In order to achieve the above object, the present invention provides the following solutions: the invention provides a fixed pollution source simulation test wind tunnel which comprises a wind tunnel unit and a test unit, wherein the wind tunnel unit is communicated with the test unit, the wind tunnel unit comprises a high-efficiency air filter, a smoke generating device, a power section, a temperature exchange section, a stabilizing section and a humidity generation section which are sequentially connected, the stabilizing section is connected with a dust generation system, the test unit comprises a horizontal section and a vertical section, one end of the horizontal section is connected with the humidity generation section, the other end of the horizontal section is connected with the vertical section, the axis of the vertical section is perpendicular to the planes of the axis of the horizontal section and the axis of the wind tunnel unit, and observation test holes are respectively formed in different cross sections of the horizontal section and the vertical section.

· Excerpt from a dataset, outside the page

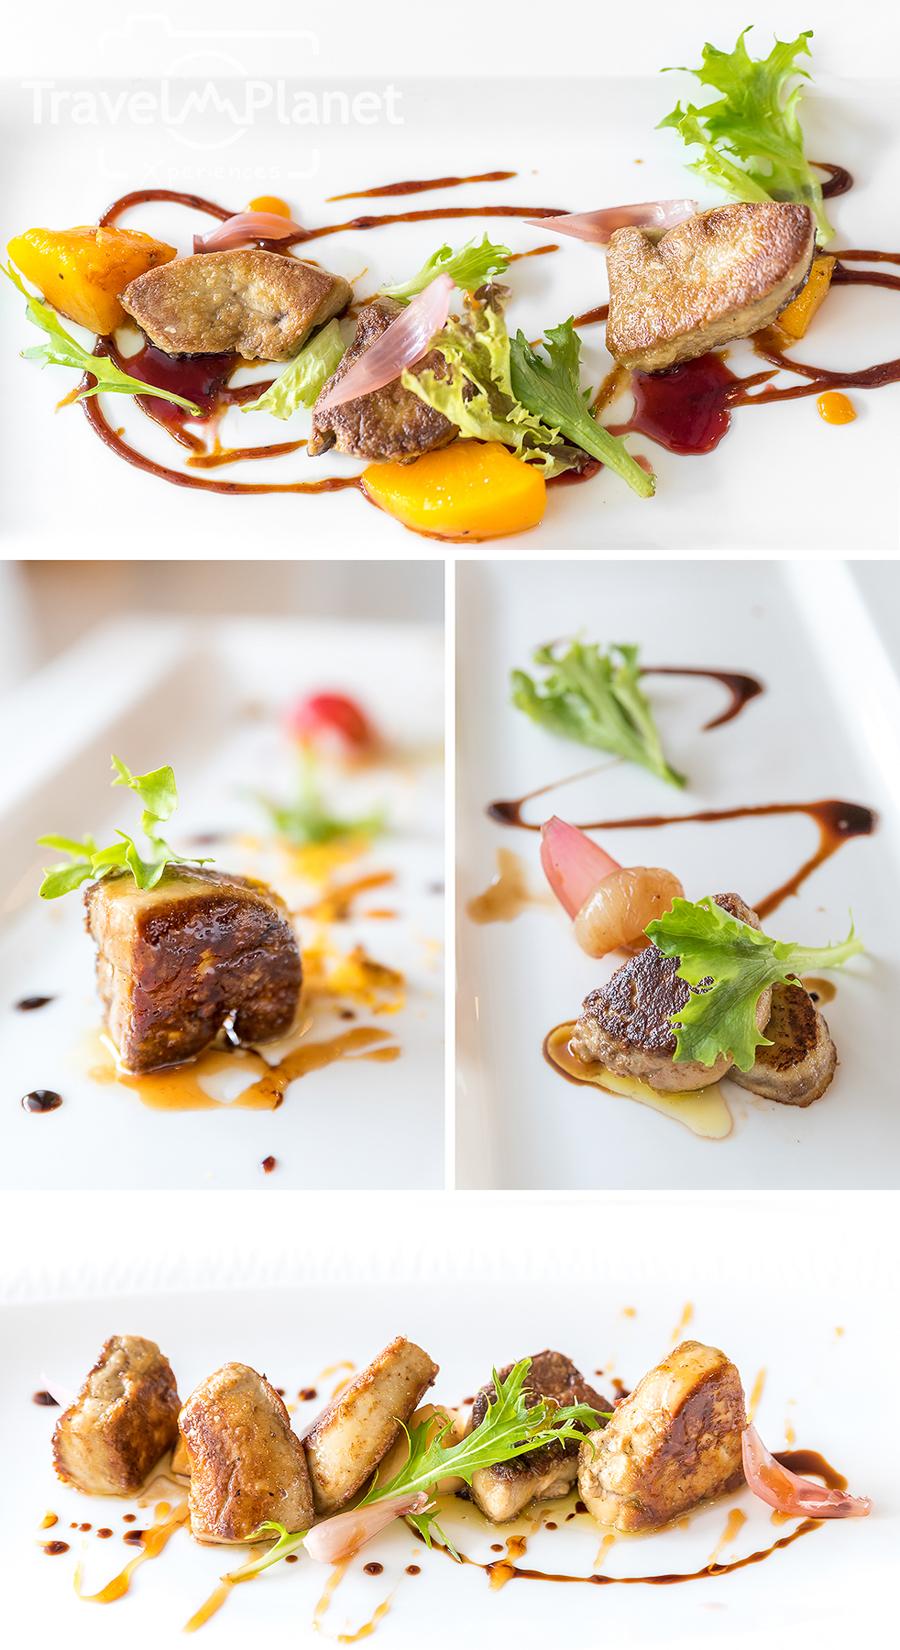 Sunday Brunch Le Meridien Suvarnabhumi - Foie gras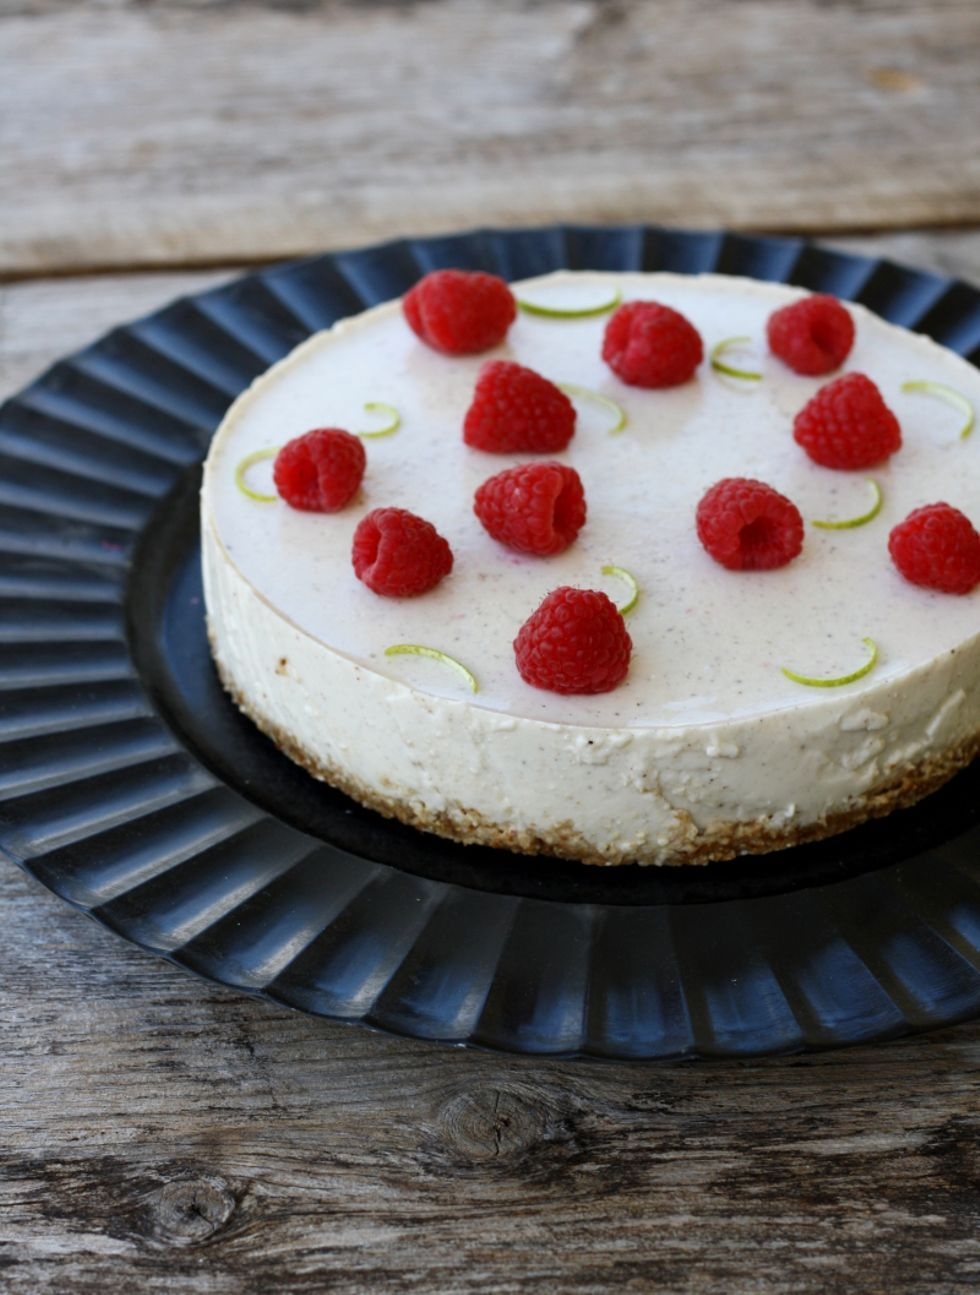 lindastuhaug | Den beste ostekaka uten tilsatt sukker! - lindastuhaug

Preferably, the high-efficiency air filter is connected with the power section through a first corner and a connecting pipe in sequence, and the temperature exchange section is connected with the stabilizing section through a second corner and a third corner in sequence.
Preferably, the flue gas generating device is arranged in the first corner, and a humidity controller is further arranged in the first corner.
Preferably, the first corner, the second corner and the third corner are provided with guide plates.
Preferably, a honeycomb device and a damping net are sequentially arranged in the stabilizing section.
Preferably, the larger diameter one end of the humidity generation section is connected with the stabilizing section, the smaller diameter one end of the humidity generation section is connected with the horizontal section, and the humidity generation section is provided with a wind speed, temperature and humidity monitoring probe.
Preferably, the horizontal section and the vertical section are each provided with five sets of observation test holes at different cross sections.
Preferably, each group of observation test holes on the horizontal section is three, and the three observation test holes are respectively positioned at two sides and the bottom of the middle part of the horizontal section.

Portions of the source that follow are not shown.